The default corpus is synthetic so the reference is reproducible. Before production use, run a small pilot with public SEC EDGAR filings.
Choose 5-10 filings that cover:
- Large technology issuer with many segments.
- Financial issuer with dense notes.
- Manufacturer or retailer with supply-chain risk.
- Filing with tables and footnotes.
- Filing with imperfect OCR or unusual section layout.
databricks fs cp ./samples/AAPL_10K_2024.pdf \
dbfs:/Volumes/<catalog>/<schema>/raw_filings/Use filenames like <TICKER>_10K_<YEAR>.pdf.

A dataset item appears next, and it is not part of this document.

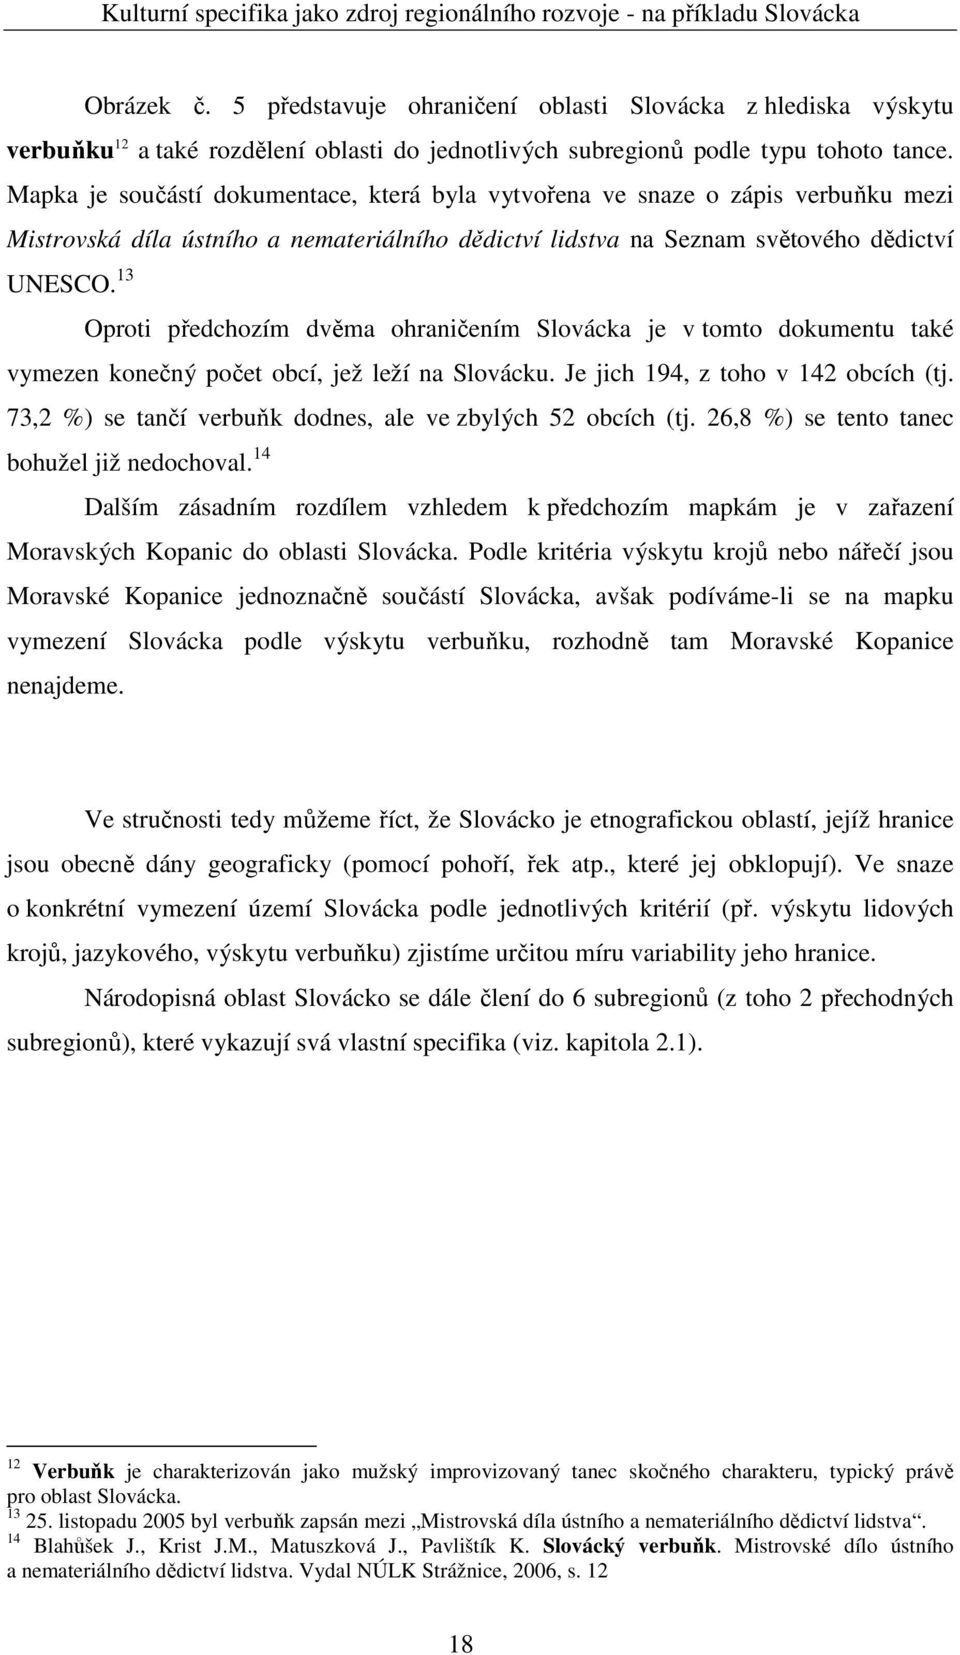 13 Oproti předchozím dvěma ohraničením Slovácka je v tomto dokumentu také vymezen konečný počet obcí, jež leží na Slovácku. Je jich 194, z toho v 142 obcích (tj.
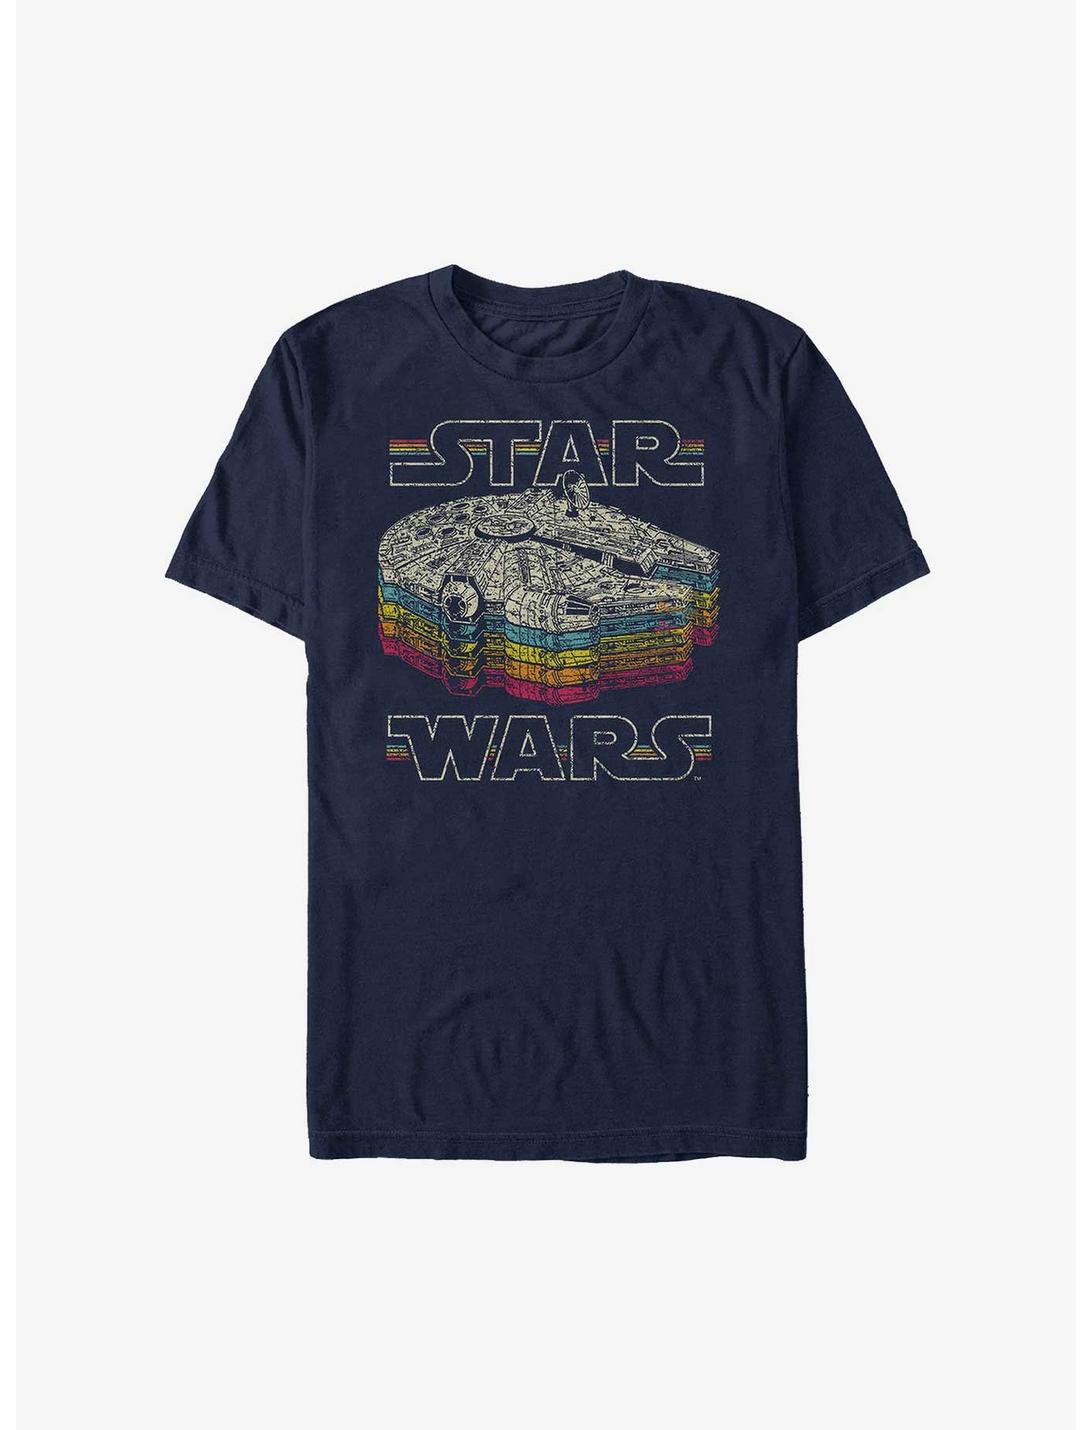 Star Wars Retro Color T-Shirt, NAVY, hi-res

SELECT filename, company_name, fiscal_year, revenue, ebitda,
segment_revenue, top_risks, extraction_confidence
FROM <catalog>.<schema>.gold_filing_kpis
ORDER BY filename;
SELECT filename, section_label, count(*) AS n, avg(quality_score) AS avg_quality
FROM <catalog>.<schema>.gold_filing_sections_indexable
GROUP BY filename, section_label
ORDER BY filename, section_label;Manually review at least:
- Revenue and EBITDA.
- Segment revenue array.
- Top risk themes.
- Section labels for Risk, MD&A, Financials, and Notes.
- Whether any useful filing sections were excluded by the quality threshold.
Ask at least:
- One factual numeric question per filing.
- One top-risk question per filing.
- One segment-revenue question per filing.
- Two cross-company comparison questions.
- One question about a company not in the corpus.
Expected:
- Grounded answers cite relevant filings.
- Unknown-company questions return the canonical no-source response.
- Cross-company tables only include companies with grounded data.
Capture:
- Date and workspace.
- Filing list and file sizes.
- Pipeline duration.
- CLEARS run ID.
- Latency p95.
- Notable extraction failures.
- Cost estimate for parsing, scoring, embedding, serving, and app usage.